Le emozioni in rete – Di Giuseppe Maiolo, psicoanalista
È tempo ormai di domandarsi dove stiano le nostre emozioni quando siamo in rete e come vengono espresse
Dovremmo chiederci se con la tecnologia digitale la comunicazione è facilitata o confusa, se ha migliorato la nostra comprensione o ce l’ha complicata. Non è facile, né semplice, rispondere a questi interrogativi. Forse abbiamo ancora bisogno di tempo per capire dove siamo e dove ci sta portando la rivoluzione tecnologica e l’uso massiccio che facciamo dei vari dispositivi, primo fra tutti lo smartphone.
Intanto proviamo a riflettere: comunichiamo più a parole o per iscritto?
A guardare la mole impressionante dei messaggi che circolano con la messaggistica istantanea, sembra che prevalga la scrittura.
Ma in realtà scriviamo come parliamo, senza troppo badare a errori lessicali o grammaticali.
Poi però, per quanto riguarda il significato di un messaggio, la sua coloritura emotiva e affettiva, non avendo modo di trasmettere l’intonazione vocale né l’espressione fisica di quello che diciamo, abbiamo introdotto le emoticon, che dovrebbero aiutarci.
Ma è davvero così? Anche qui è complicato rispondere.
Prima perché nulla ha mai un solo una «faccina» ovvero un’unica espressione e poi perché le emozioni, che sono tante, forse infinite, hanno un suono, una intonazione, un corpo fisico e un volto.
Se online questo viene a mancare va perso il colore di quello che diciamo e le nostre relazioni diventano sbiadite e più povere.
Forse una fatica in più per i rapporti umani nonostante la diffusione e la frequentazione di quelle piazze virtuali dove ci incontriamo in ogni momento del giorno e dove condividiamo tutto a suon faccine.
Ci siamo addirittura inventati la «Giornata Mondiale delle emoticon», promossa dall’ONU per il 17 luglio, e non so se questa sia una giornata di festeggiamenti.

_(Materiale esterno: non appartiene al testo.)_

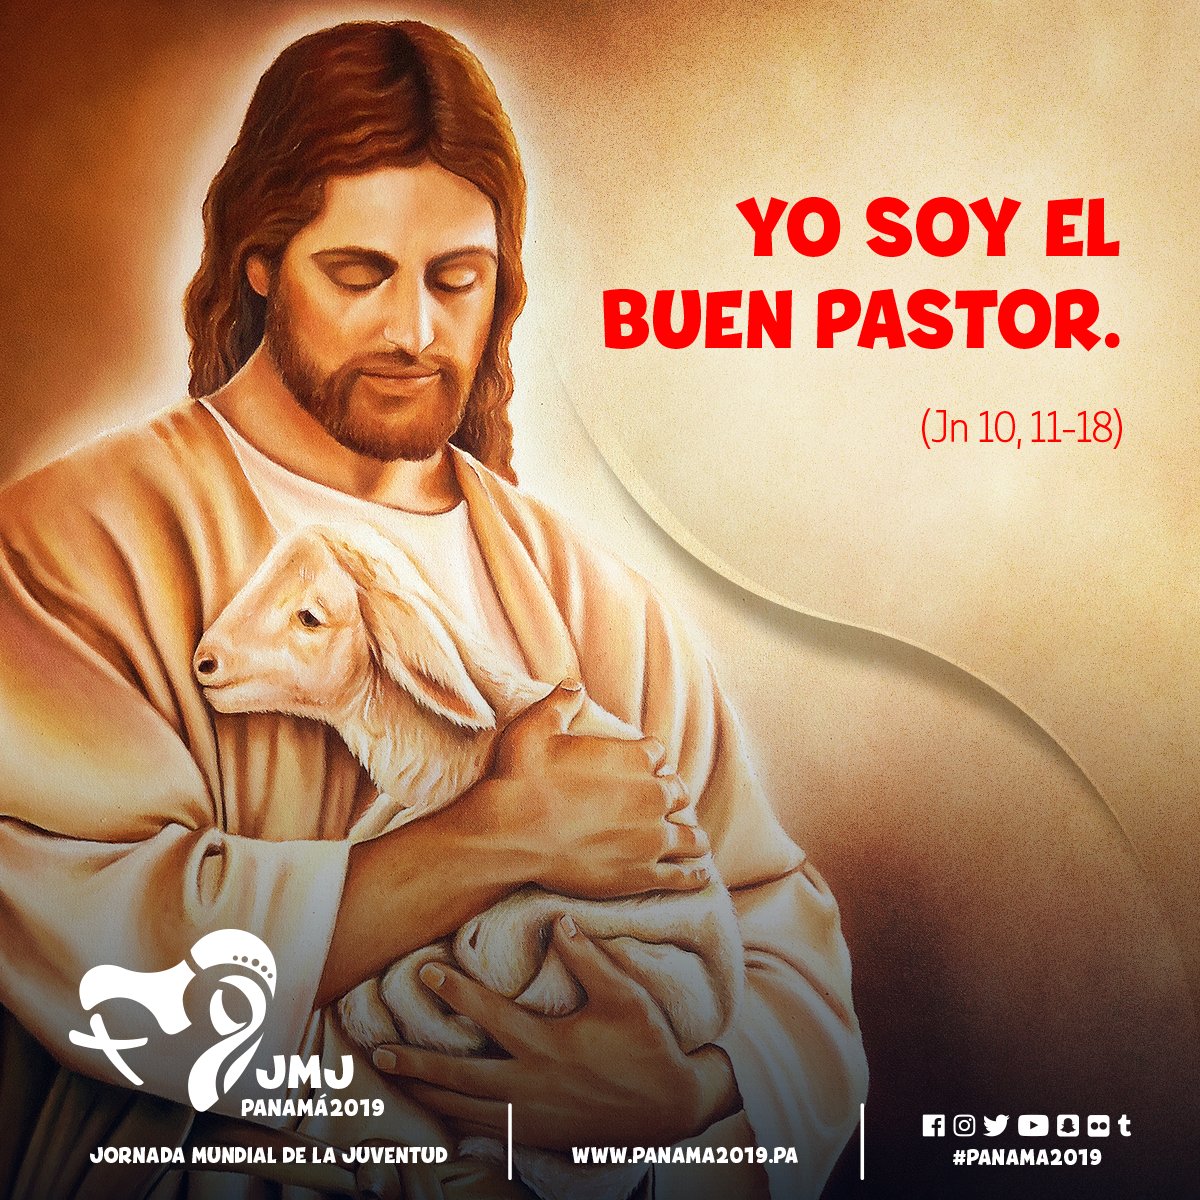 Jmj Panama 2019 On Twitter Hoy Es El Dia Del Buen Pastor

Anche perché quando, per lavoro, incontro a scuola bambini e ragazzi e chiedo loro cosa provano se navigando si imbattono in scene o notizie positive e negative, trovo una grossa fetta di loro che non sa come esprimere quello che prova.
In sostanza sono analfabeti cioè incapaci di dire con le parole un dolore o un godimento, una sofferenza o un piacere.

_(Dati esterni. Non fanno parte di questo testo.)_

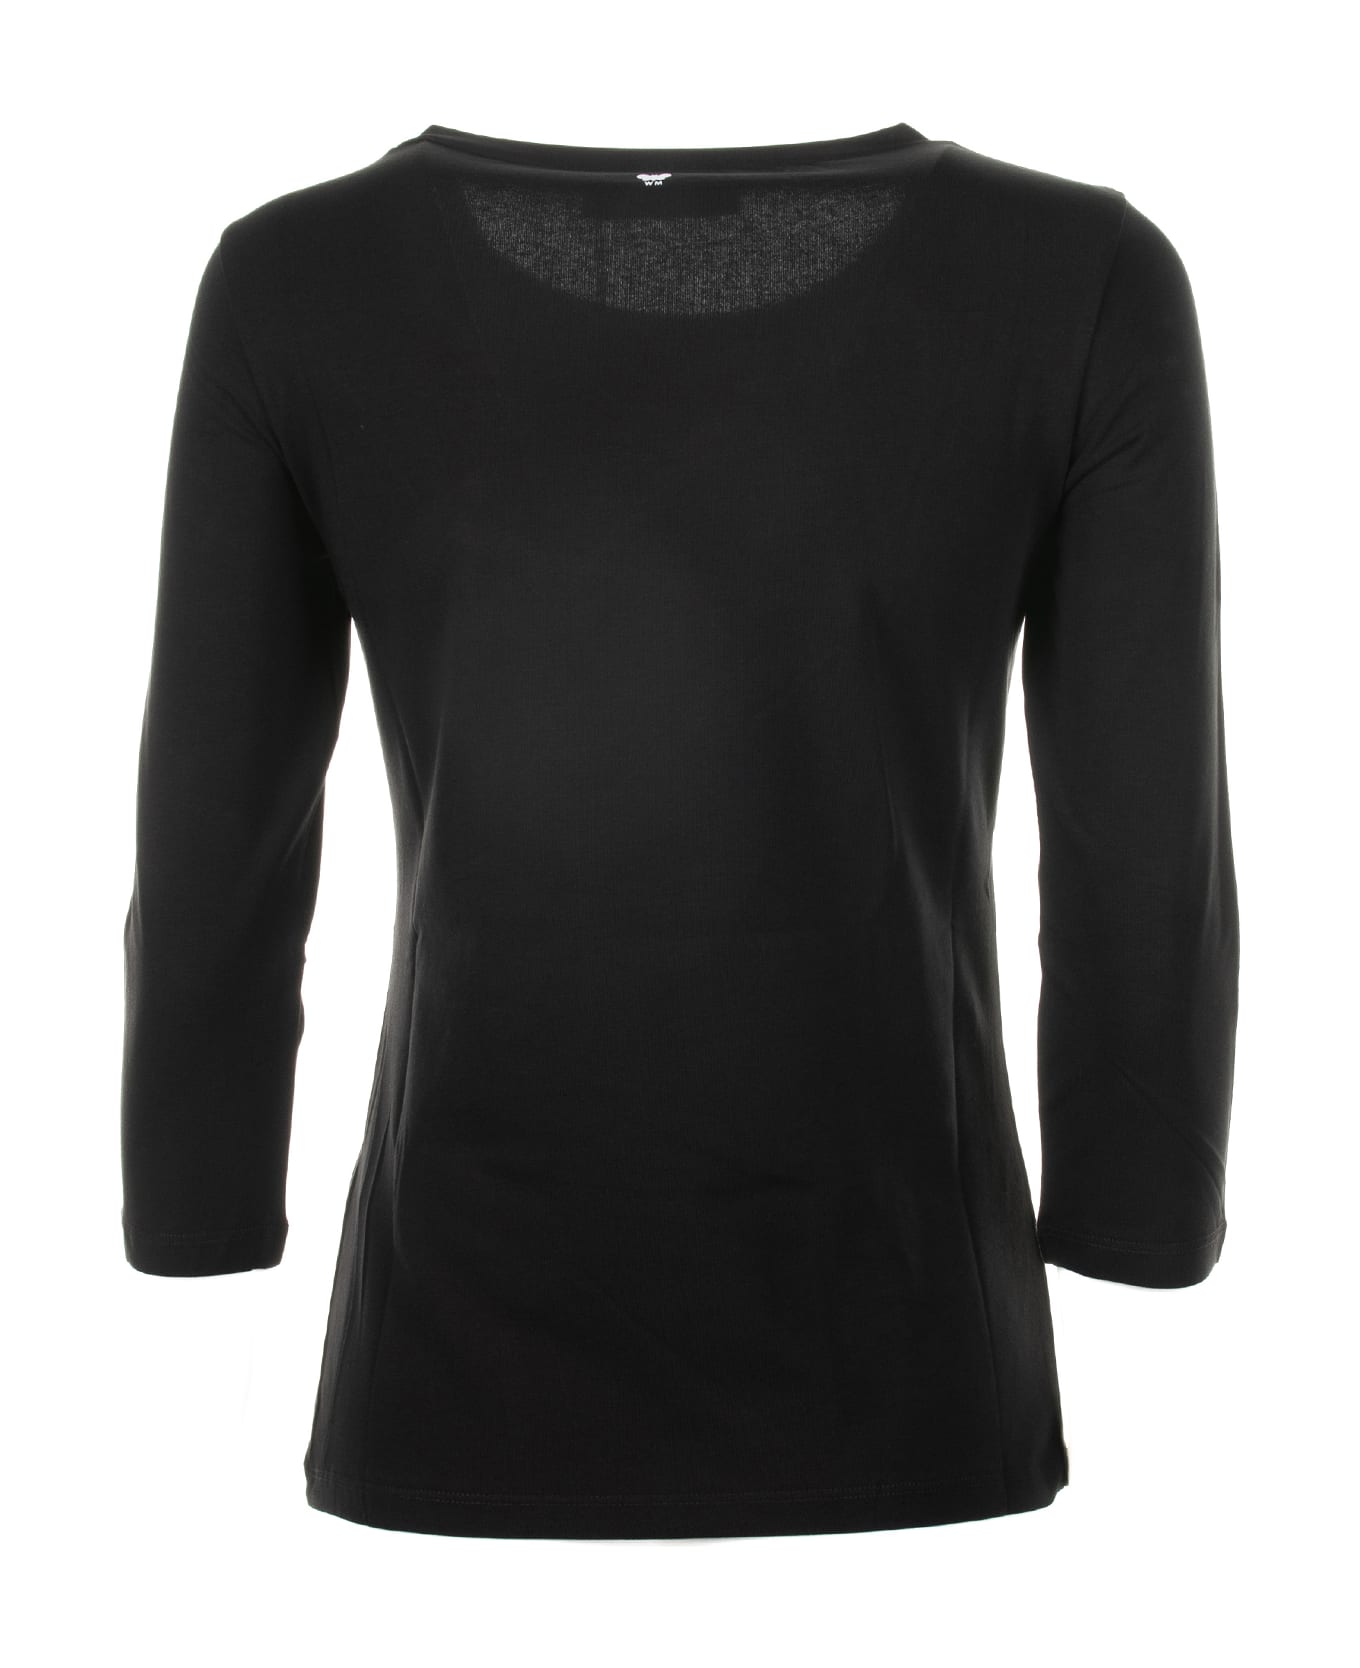 Weekend Max Mara Black 3/4 Sleeve Shirt - NERO

Magari preferirebbero usare le emoji, ma se ne stanno in silenzio.
Ammutoliti, sembrano incapaci di riferire quello che sentono. viceversa, senza accorgersene, capita che mettano in atto le emozioni e le agiscano con comportamenti sia virtuali che reali. E questo riguarda i teenager come gli adulti.
Alcune ricerche dimostrano che la lettura di post con parole negative o positive può influenzare in maniera significativa il comportamento.
Uno studio della Cornell University sostiene che fatti o lamentele, eventi o emozioni negative pubblicate sulla bacheca dei contatti virtuali scatenano reazioni contagiose e l’esposizione anche solo passiva può cambiare l’umore e condizionarlo per giorni.
Forse una ragione in più per riflettere e educare noi stessi ma anche i minori all’utilizzo attento dei social.